There were other versions of the tale. In one, Vasse was thought to have eventually been murdered. A ‘society in Paris’ was said to be offering a reward for the recovery of his bones – ‘the natives know where they are’, wrote one of the Swan River colony’s early settlers, Georgiana Molloy, in 1841.[3] In another, based on European features observed among Indigenous people around Geographe Bay, it was suggested that Vasse had fathered children with Wardandi women.[4]

Some attempts have since been made to resolve these conflicting possibilities. Among several books and articles on the subject[5] is one written by a descendant of Timothée Vasse. According to Alain Serieyx, family tradition holds that the lost sailor did survive and eventually return to France.[6] The book is a speculative fiction based on this belief but adds another thread to a fascinating tale. 

Whether or not Timothée Vasse lived, pined, and died as a lone white man on a distant continent will never be known for sure.
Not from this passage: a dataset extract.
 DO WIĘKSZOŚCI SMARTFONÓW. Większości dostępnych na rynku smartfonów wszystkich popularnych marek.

Whatever his fate, his memory is preserved in the name of the Vasse River and of the Vasse region of southwestern Australia.


[1] Jean Fornasiero and John West-Sooby (transl. and eds.), French Designs on Colonial New South Wales: François Péron’s Memoir on the English Settlements in New Holland, Van Diemen’s Land and the Archipelagos of the Great Pacific OceanThe Friends of the State Library of South Australia Inc., Adelaide, 2014. 
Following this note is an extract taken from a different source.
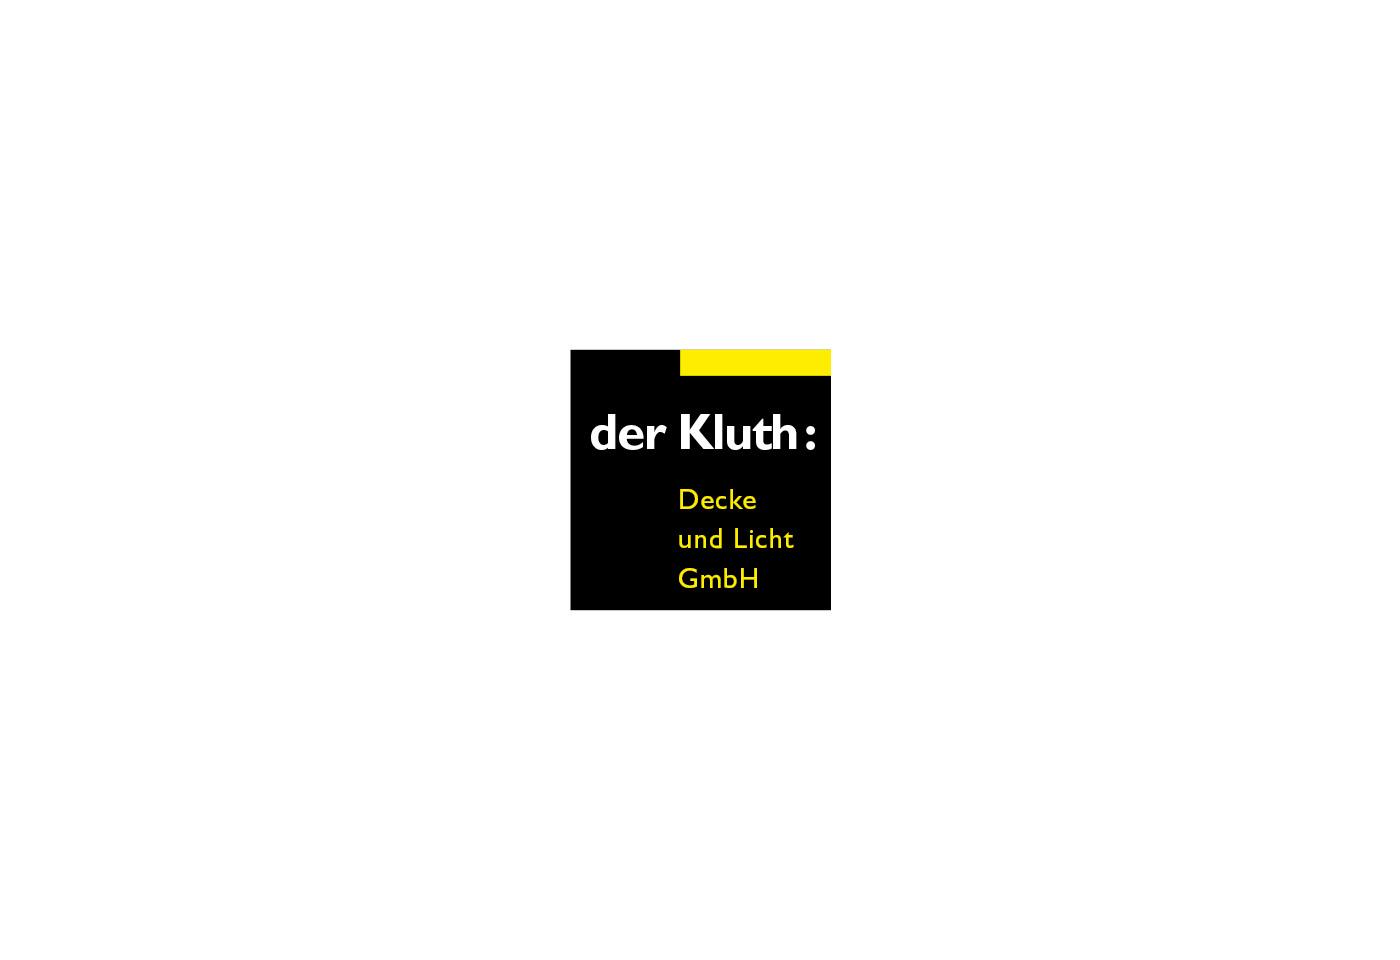 der Kluth – Decke und Licht GmbH
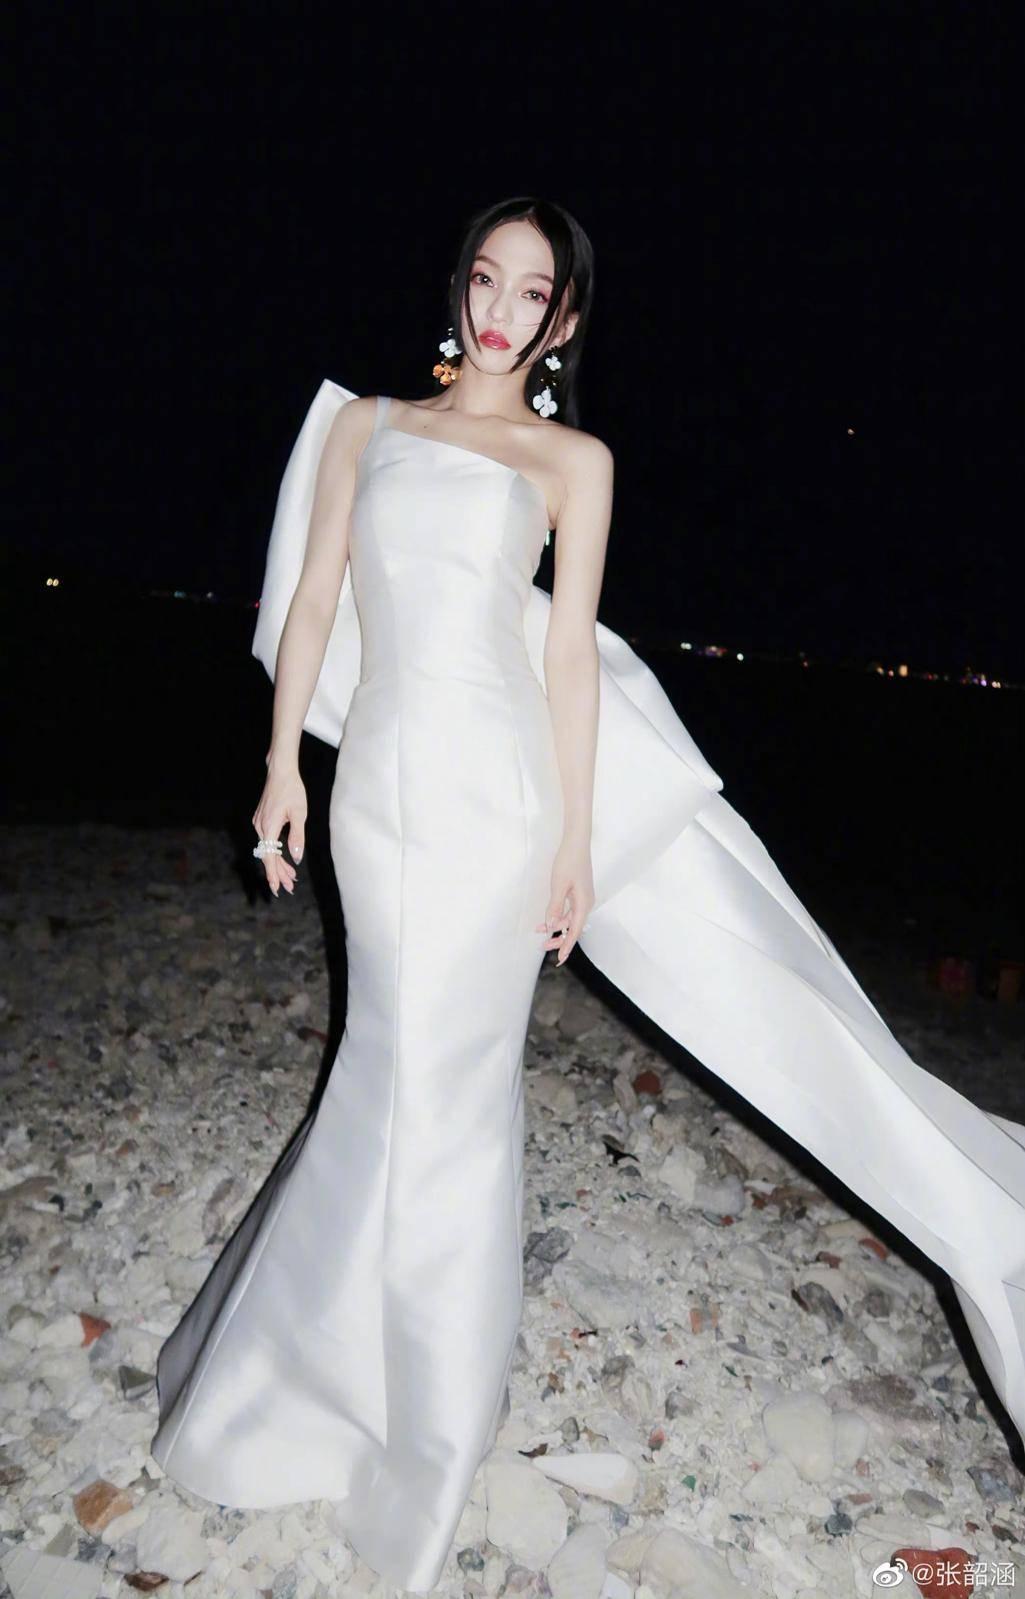 原创             张韶涵高开叉长裙造型,配过膝长靴气场超A,性感迷人不间断

[2] The Perth Gazette and Western Australian Journal 5 May 1838, p. 71.

[3] Alexandra Hasluck, Georgiana Molloy: portrait with background, Oxford University Press, Melbourne, 1955.

[4] Oldfield, Augustus. “On the Aborigines of Australia.” Transactions of the Ethnological Society of London, vol. 3, 1865, pp. 215–98. JSTORhttps://doi.org/10.2307/3014165. Accessed July 2023, P. 219. Oldfield mistakenly thought Vasse was one of Baudin’s scientists, but his opinion was based on his own observations of the Geographe Bay area.

[5] Thomas Brendan Cullity, Vasse: An Account of the Disappearance of Thomas Timothée Vasse, 1992; Edward Duyker, ‘Timothée Vasse: A Biographical Note’, Institute for the Study of French-Australian Relations, https://www.isfar.org.au/wp-content/uploads/2016/10/51_EDWARD-DUYKER-Timoth%C3%A9e-Vasse-A-Biographical-Note.pdf, accessed July 2023; 

[6] Alain Serieyx, Wonnerup: the sacred dune, Abrolhos Publishing, Perth, c2001, translation [from the French] by David Maguire.